Wages only a guide to inflation goal: RBA

Reserve Bank of Australia governor Philip Lowe believes wages will need to be growing at more than three per cent annually to sustain inflation around the middle of the central bank's target band, a key to lifting interest rates.

However, he told an economists' lunch on Tuesday that this doesn't mean the RBA is targeting wages growth or that wages growth is the only determinant of inflation.

"Rather, we are using wages growth as one of the guideposts in assessing progress towards our goal and whether inflation is sustainably in the target range," he told an Australian Business Economists webinar.

The RBA wants to see inflation sustainably within the two to three per cent target band before it considers lifting the cash rate from its record low of 0.1 per cent.

"Our central scenario is that underlying inflation reaches the middle of the target by the end of 2023," Dr Lowe said.

However, he said this by itself would not warrant an increase in the cash rate and much would depend on the trajectory of the economy at the time.

"It is still plausible that the first increase in the cash rate will not be before 2024," Dr Lowe said.

Wages data on Wednesday will show what progress, if any, is being made towards the three per cent-plus goal on wages.

The Australian Bureau of Statistics will release its wage price index for the September quarter, a key measure for wages growth used by the RBA and Treasury.

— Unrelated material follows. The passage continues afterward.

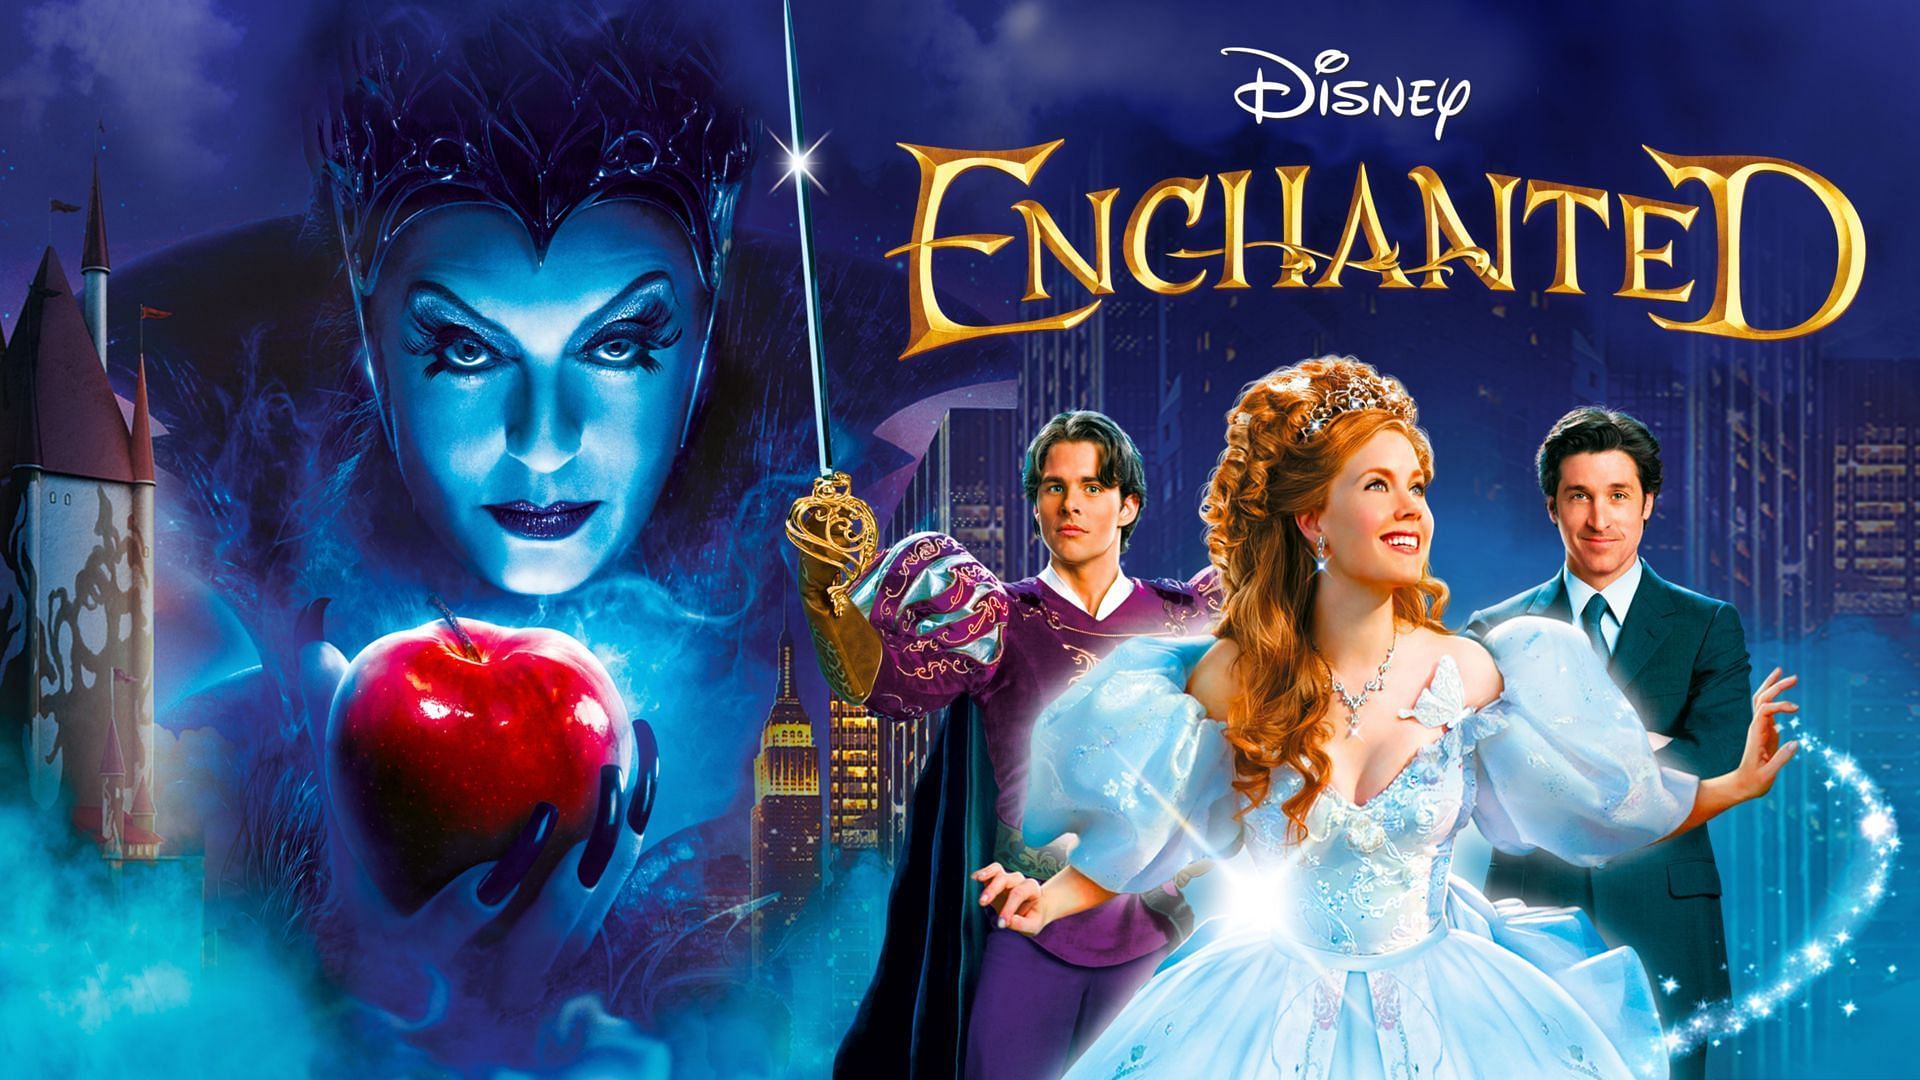 5 fun facts to know about Enchanted (Image via Disney)

As of the June quarter annual wages growth was running at 1.7 per cent and only just above a record low of 1.4 per cent seen during the depths of the coronavirus pandemic.

For the September quarter economists' forecasts point to a 0.6 per cent rise in the quarter for an annual rate of 2.2 per cent, which would be the fastest pace in two years and back to pre-pandemic levels.

However, forecasts for the quarter range from a rise of 0.4 per cent to 0.8 per cent.

BetaShares chief economist David Bassanese said as the economy recovers from COVID-19, a tightening in the labour market seems inevitable.

"Whether this eventually translates into materially higher wage growth remains highly uncertain, especially with state and federal governments dead keen to ramp up immigration at the earliest opportunity," he said.

"The longer wage growth remains subdued, the longer the RBA will remain sidelined, and the longer the economy will be given the chance to grow at a solid above-trend pace."